═════ DATA SHOWN
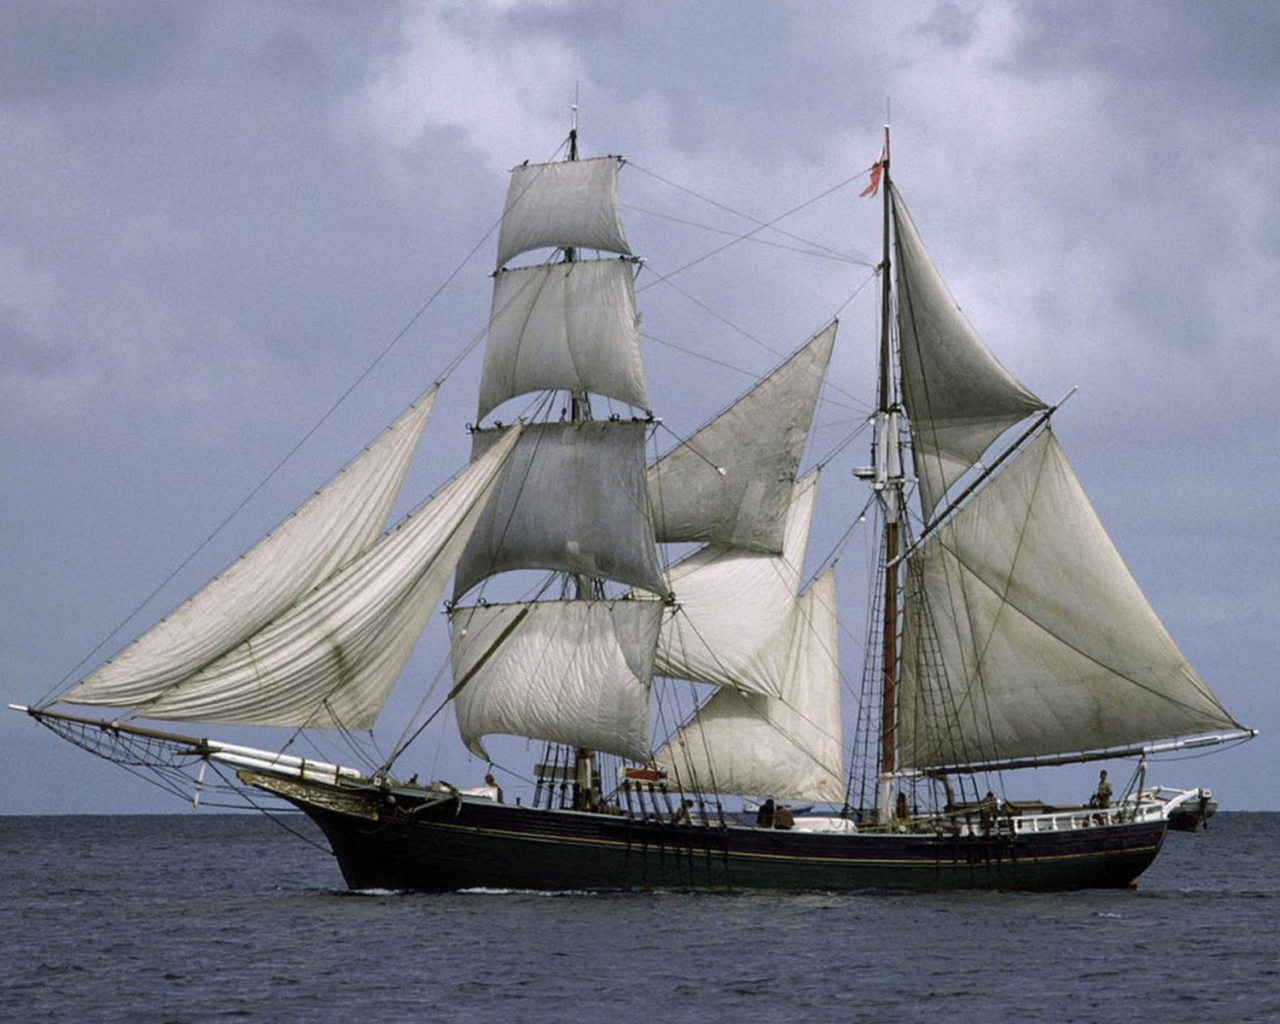 A ship with white sails in the sea
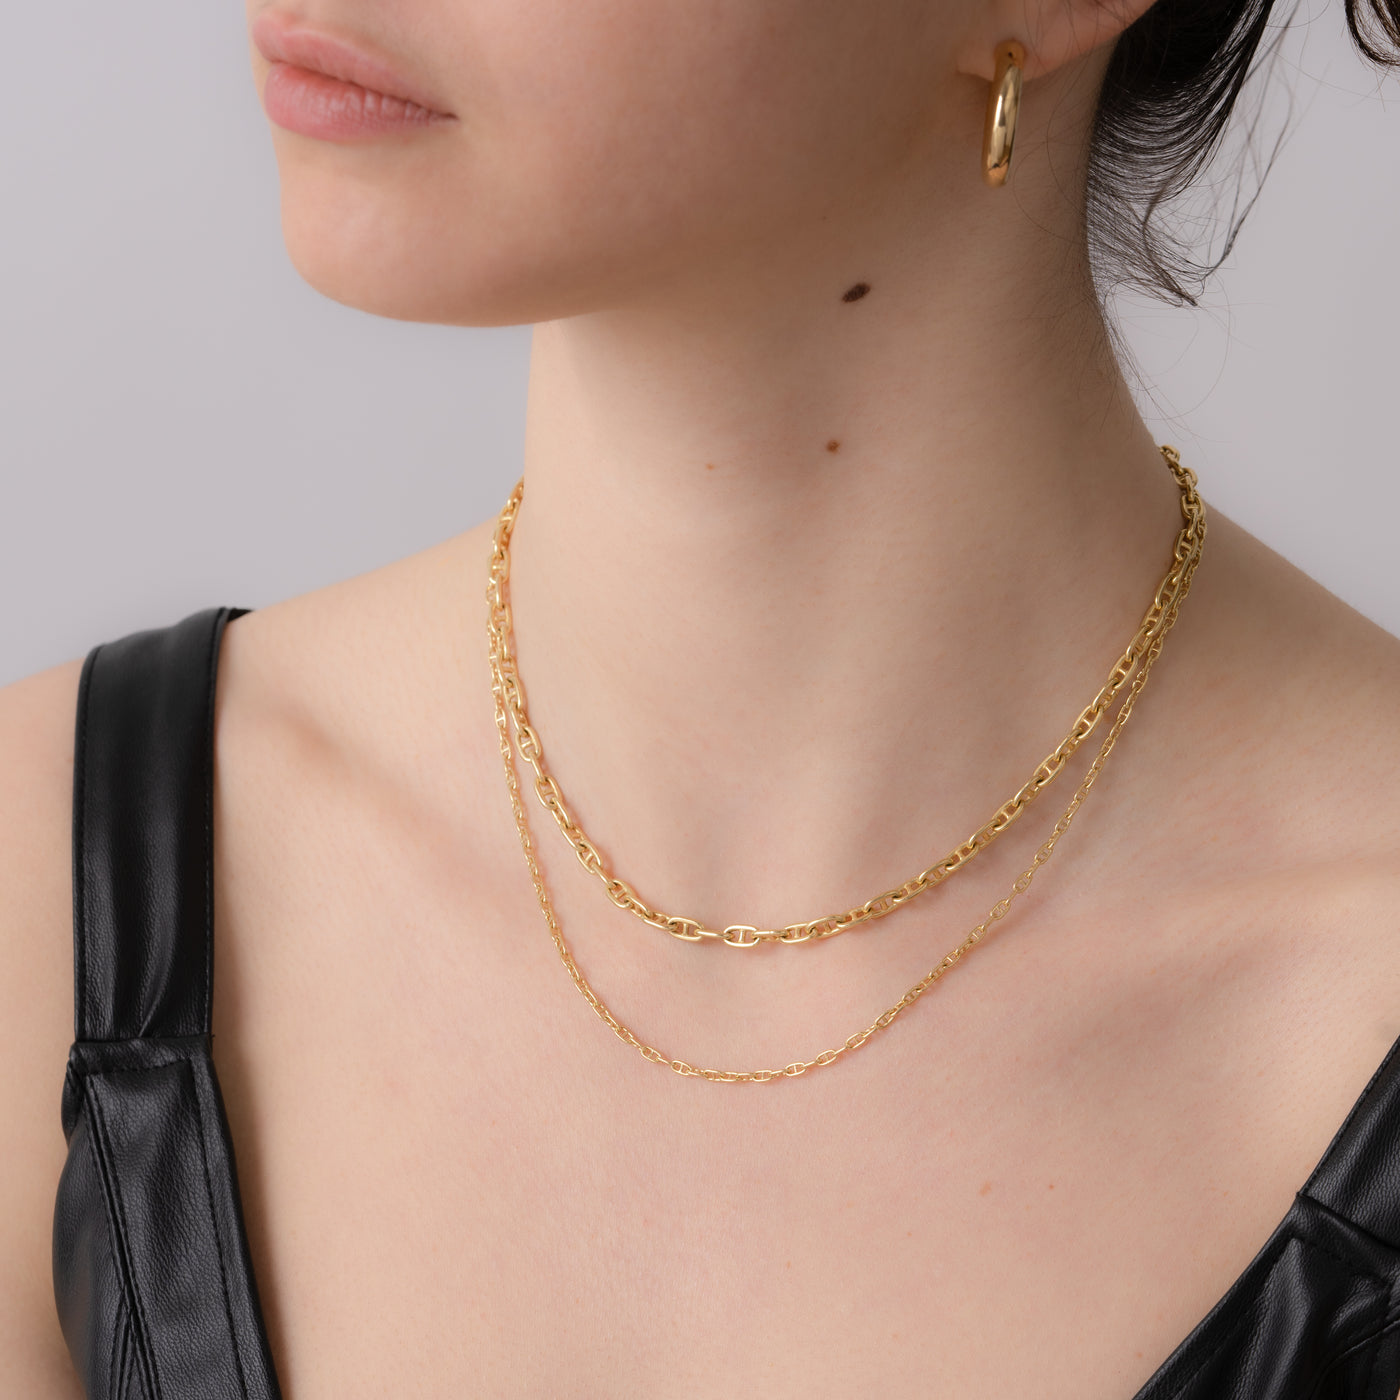 14K SOLID GOLD BABY AND LARGE MARINE LINK CHAIN
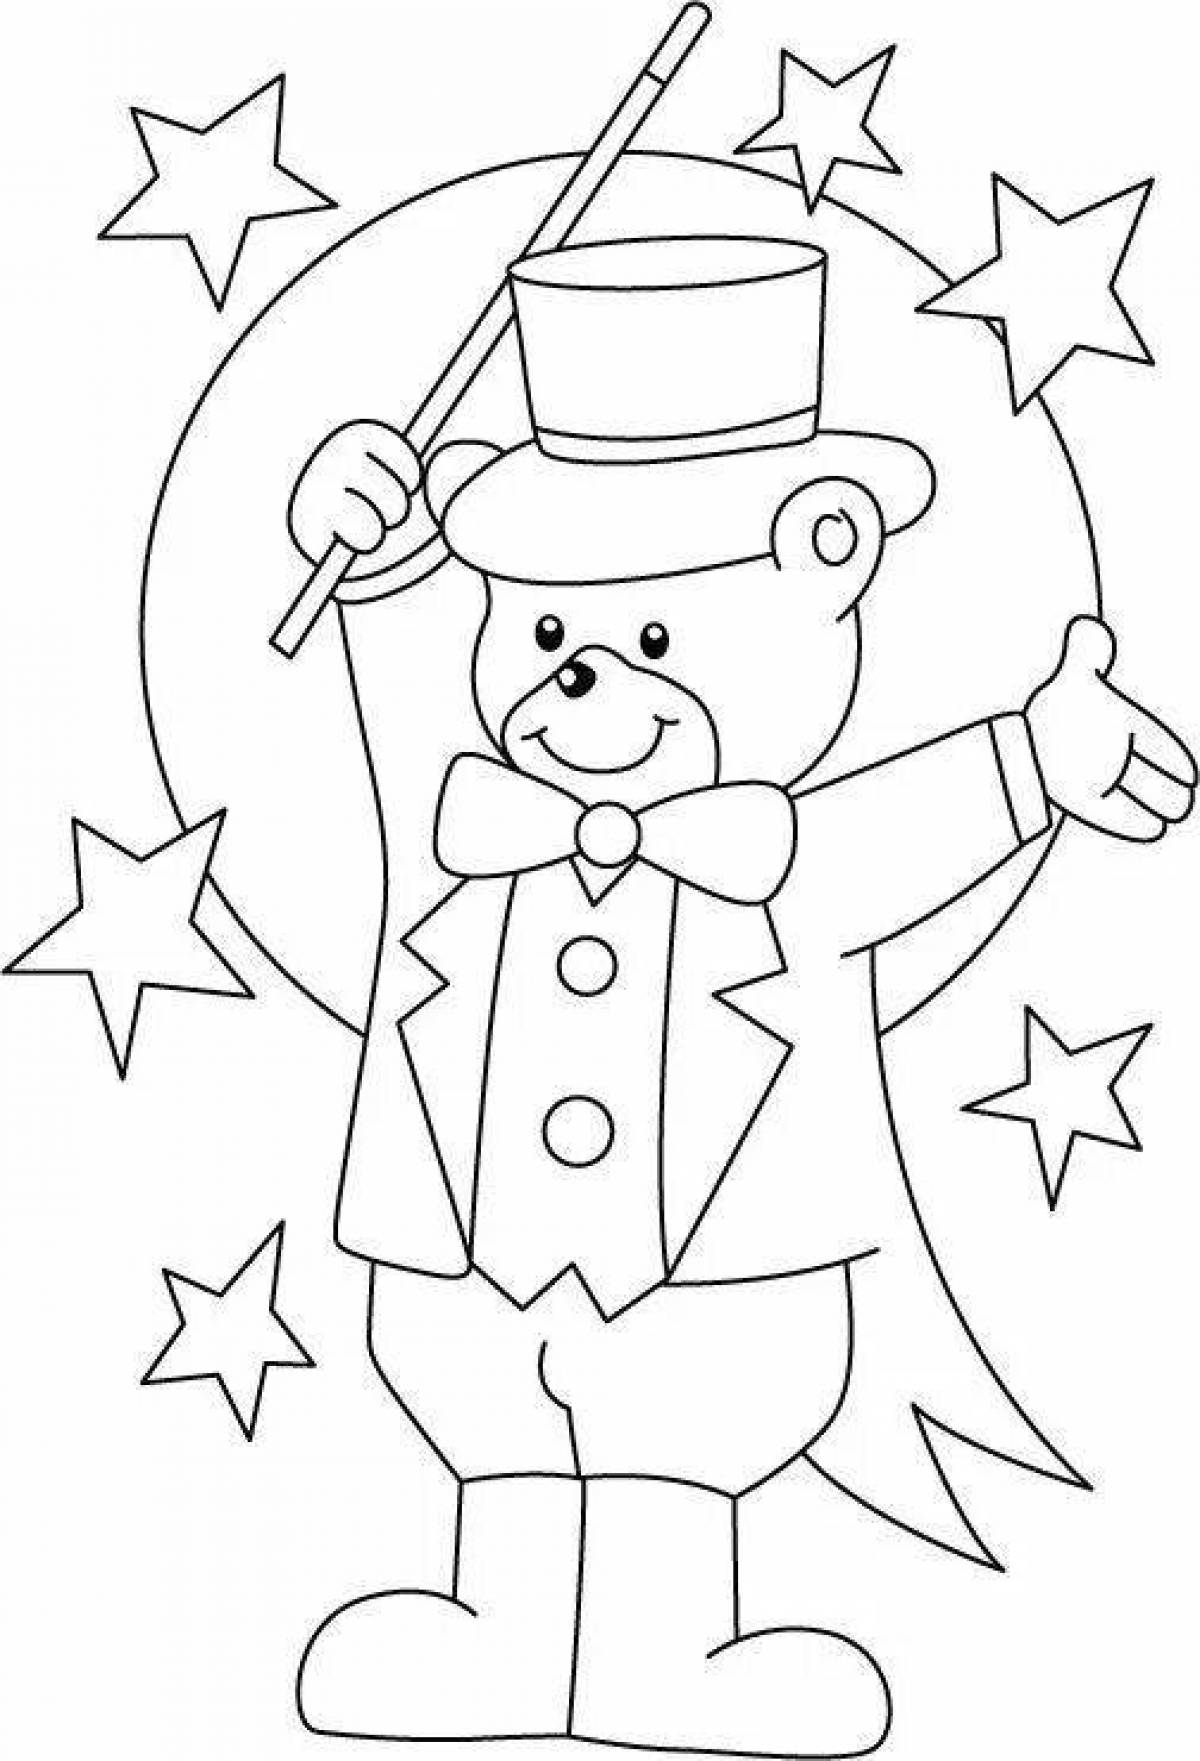 Inspirational circus coloring book for 6-7 year olds
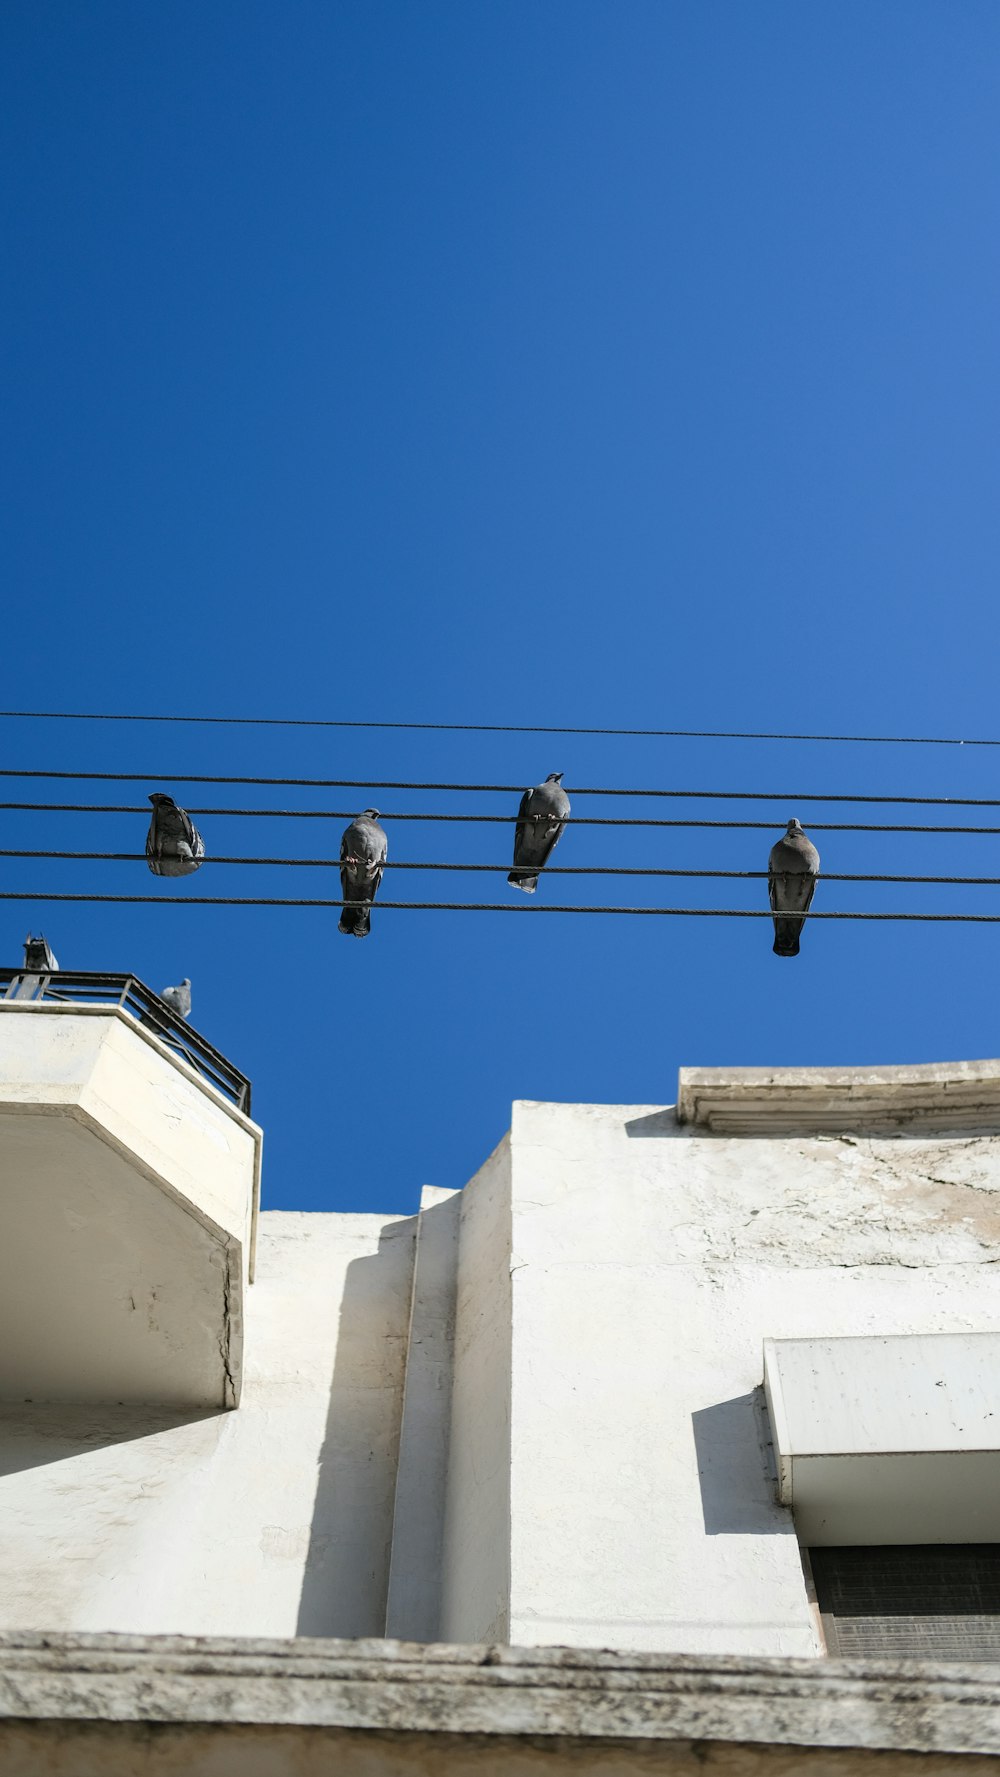 a group of birds sitting on a wire above a building
══════════
> **YOUR OBJECTIVE**
Please retype, exactly as they appear, the lines from the one with "Inspirational circus coloring" through the final line of the material, both included, and drop any pictures.

> **EXPECTED OUTPUT**
 Inspirational circus coloring book for 6-7 year olds
 a group of birds sitting on a wire above a building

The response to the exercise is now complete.